Learning of a CART is done by a greedy approach called recursive binary splitting of the input space:
At each step, the best predictor $X_j$ and the best cutpoint s
are selected such that $\{X|X_j < s\}$  and $\{X|X_j ≥ s\}$ 
minimizes the cost.
- For regression the cost is the Sum of Squared Error:
<h3 align="center">
$\sum_{i=1}^{n} (y_i-\hat{y})^2$
</h3>

- For classification the cost function is the Gini index:
<h3 align="center">
$G = \sum_{i=1}^{n} p_k(1-p_k)$
</h3>
    
The Gini index is an indication of how pure are the leaves, if all observations are the same type G=0 (perfect purity),
while a 50-50 split for binary would be G=0.5 (worst purity).
    
The most common **Stopping Criterion** for splitting is a minimum of training observations per node.
The simplest form of pruning is Reduced Error Pruning:
Starting at the leaves, each node is replaced with its most popular class.
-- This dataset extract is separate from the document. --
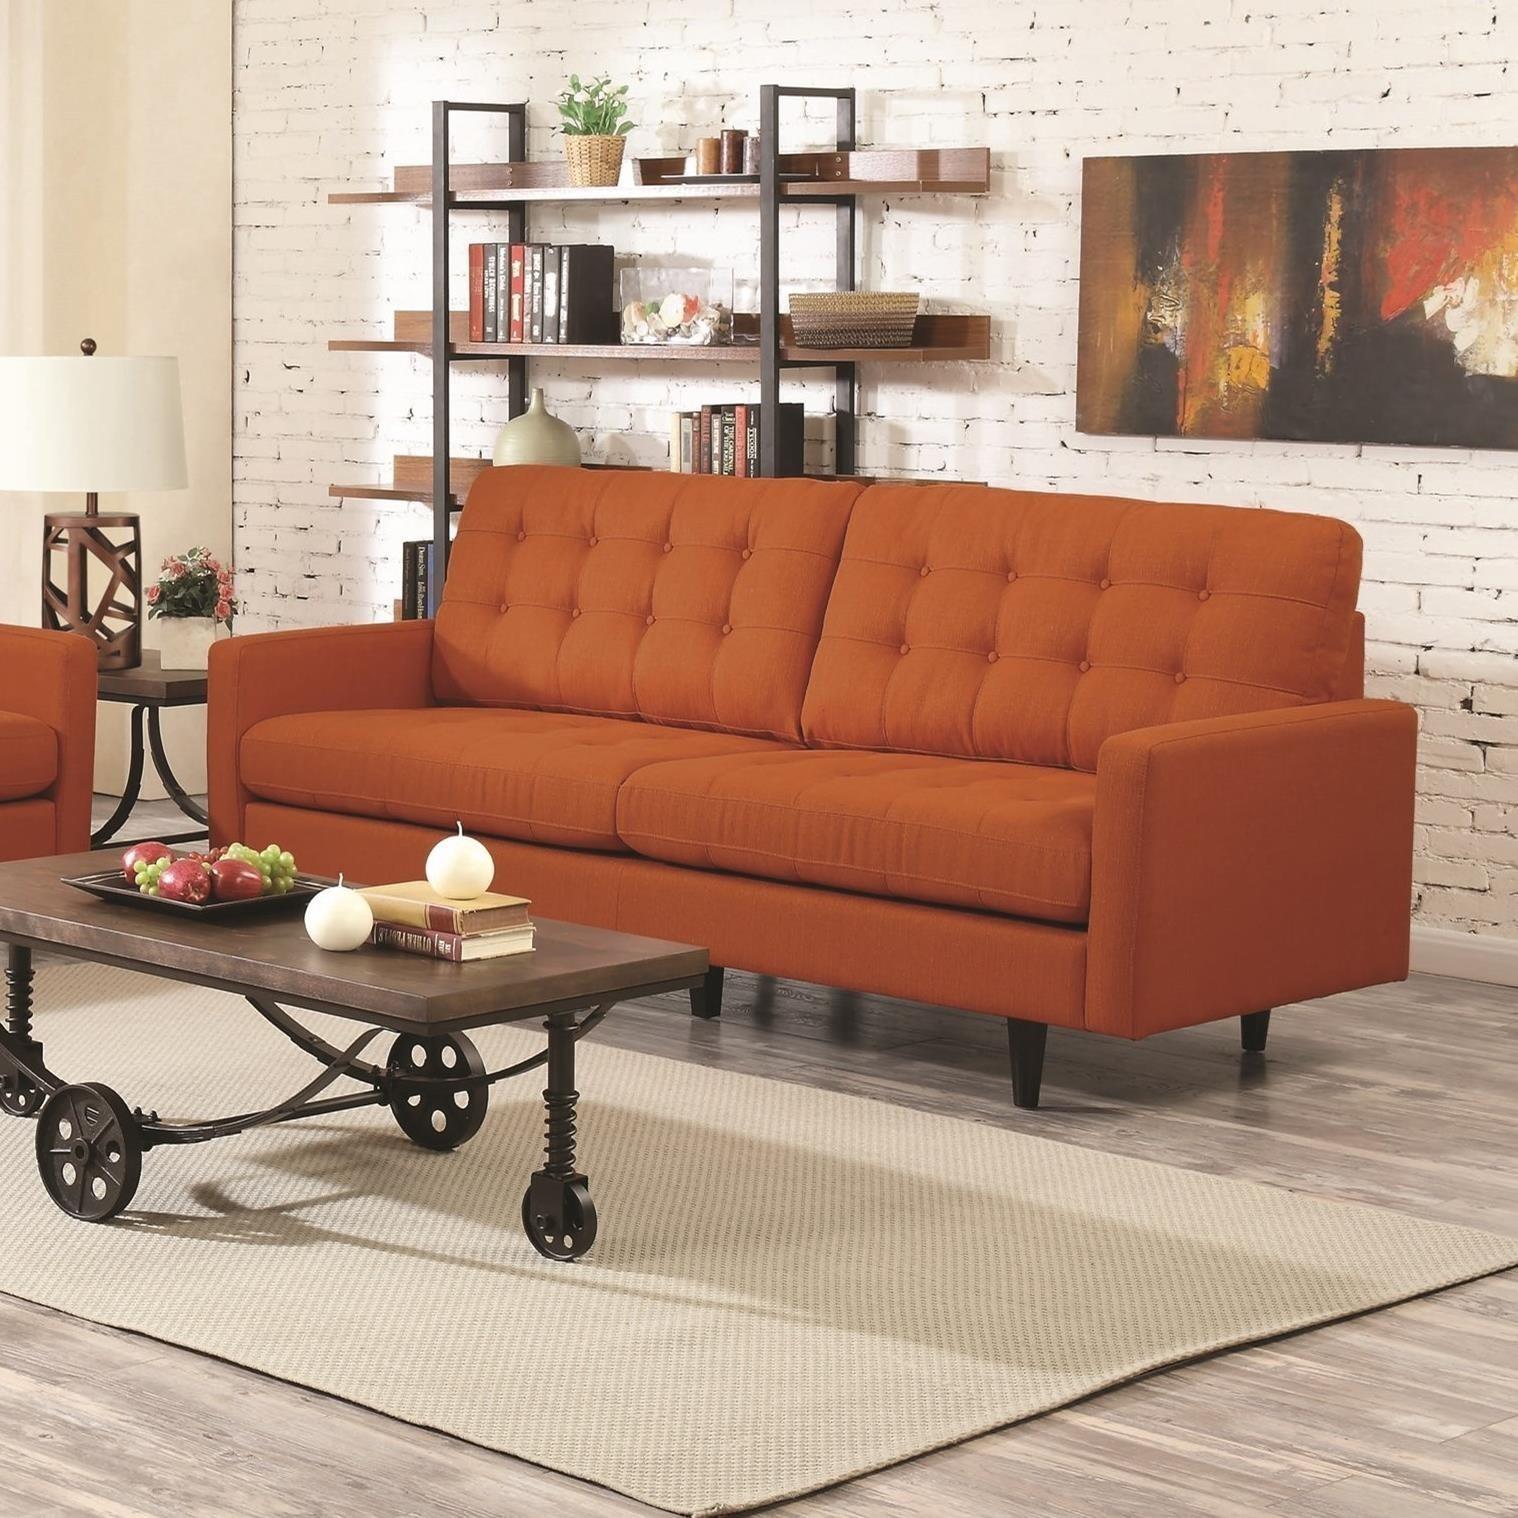 Coaster Kesson Mid Century Modern Sofa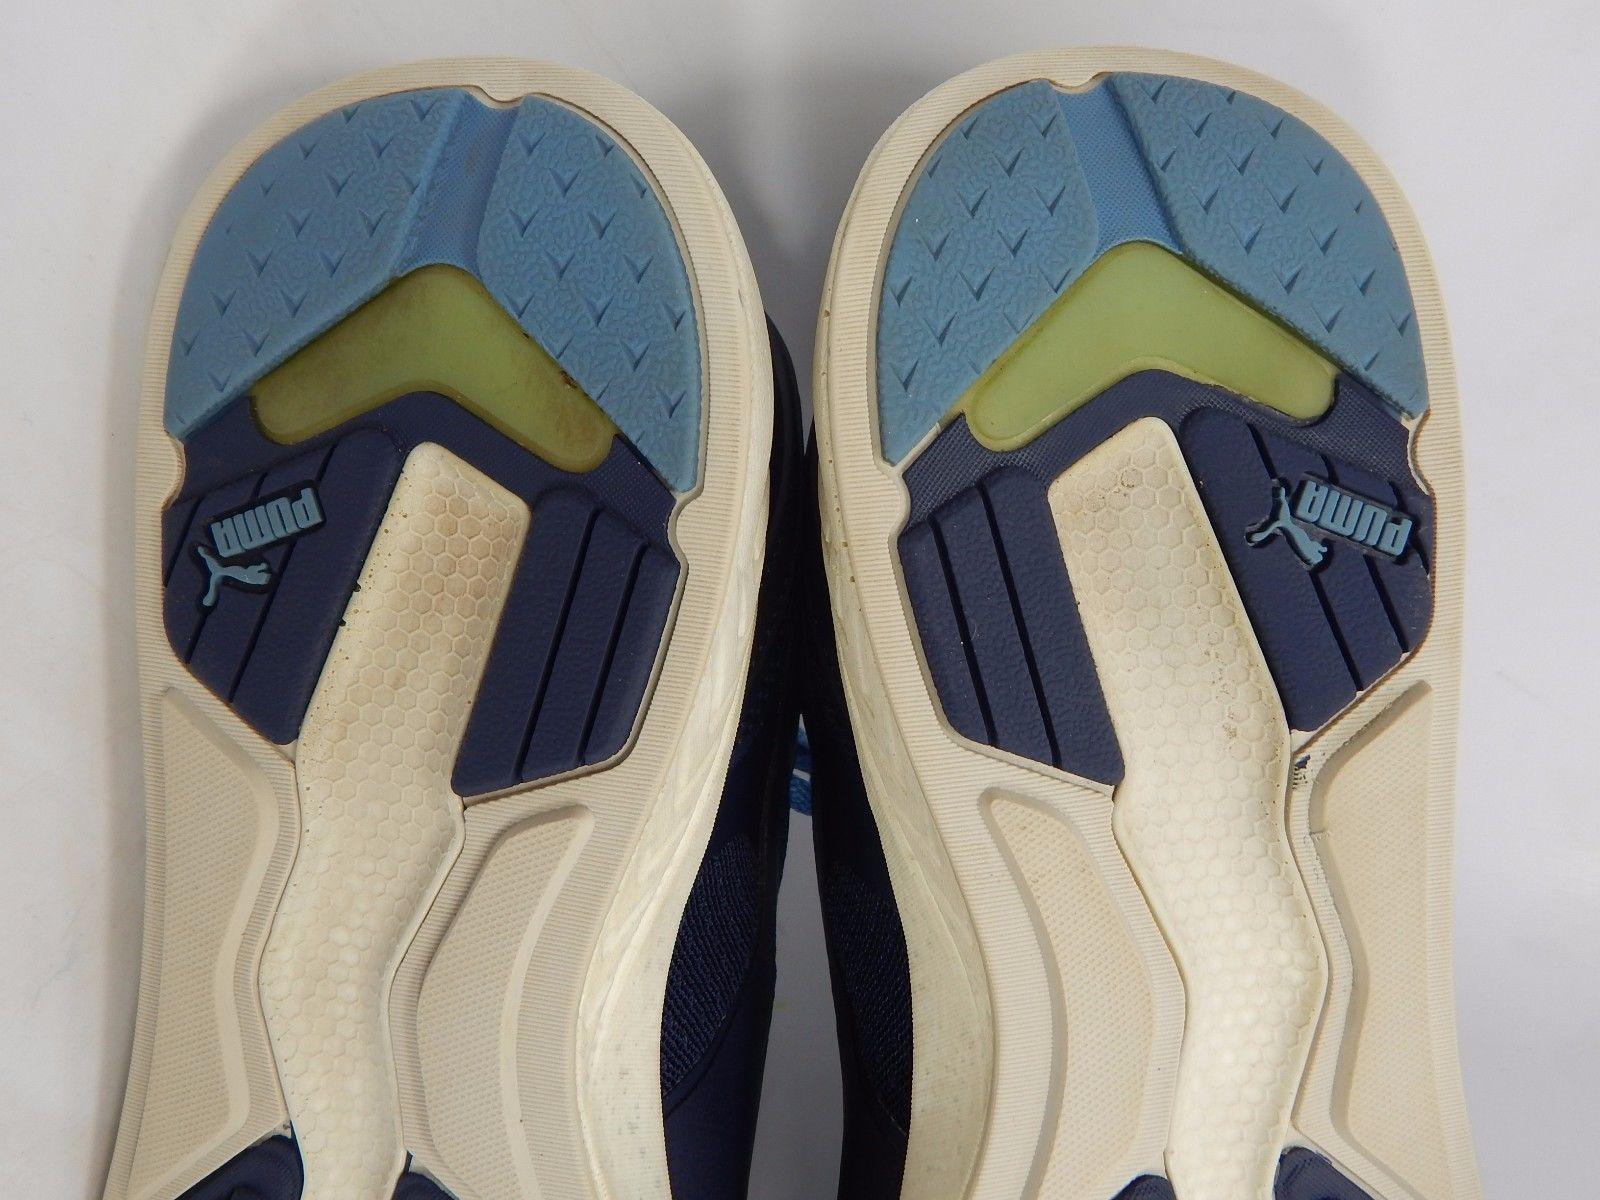 Puma 698 Ignite Men's Athletic Running Shoes Size US 11 M (D) EU 44.5 White Blue

If the prediction accuracy is not affected, then
the change is kept.
    
    
### Advantages:
+ Easy to interpret and no overfitting with pruning
+ Works for both regression and classification problems
+ Can take any type of variables without modifications, and do not require any data preparation

### Usecase examples:
- Fraudulent transaction classification
- Predict human resource allocation in companies

### Sample dataset.
- Format: each row is an example.
- The last column is the label.
- The first two columns are features.
- Feel free to play with it by adding more features & examples.
- The 2nd and 5th examples have the same features, but different labels - so we can see how the tree handles this case.

In [1]:
training_data = [
    ['Green', 3, 'Apple'],
    ['Yellow', 3, 'Apple'],
    ['Red', 1, 'Grape'],
    ['Red', 1, 'Grape'],
    ['Yellow', 3, 'Lemon'],
    ['Green', 10, 'Watermelon'],
    ['Green', 4, 'Mango'],
    ['Green', 9, 'Watermelon'],
    ['Yellow', 5, 'Mango'],
    ['Red', 4, 'Mango'],
]

header = ["color", "diameter", "label"]

In [2]:
def unique(rows, col):
    """Find the unique values for a column in a dataset."""
    return set([row[col] for row in rows])

In [3]:
print(unique(training_data,0))
print(unique(training_data,1))
print(unique(training_data,2))


{'Red', 'Green', 'Yellow'}
{1, 3, 4, 5, 9, 10}
{'Mango', 'Grape', 'Watermelon', 'Lemon', 'Apple'}


In [4]:
from collections import defaultdict

def class_counts(data):
    counts = defaultdict(int)
    # Alternative: counts = defaultdict(lambda: 0)
    
    for row in data:
        label = row[-1]
        counts[label] += 1
        
    return counts   

In [5]:
class_counts(training_data)

defaultdict(int,
            {'Apple': 2, 'Grape': 2, 'Lemon': 1, 'Watermelon': 2, 'Mango': 3})

In [6]:
def is_numeric(value):
    """
    Test if a value is numeric
    """
    return isinstance(value, int) or isinstance(value, float)

In [7]:
is_numeric("Red")

False

In [8]:
class Question:
    """A Question is used to partition a dataset.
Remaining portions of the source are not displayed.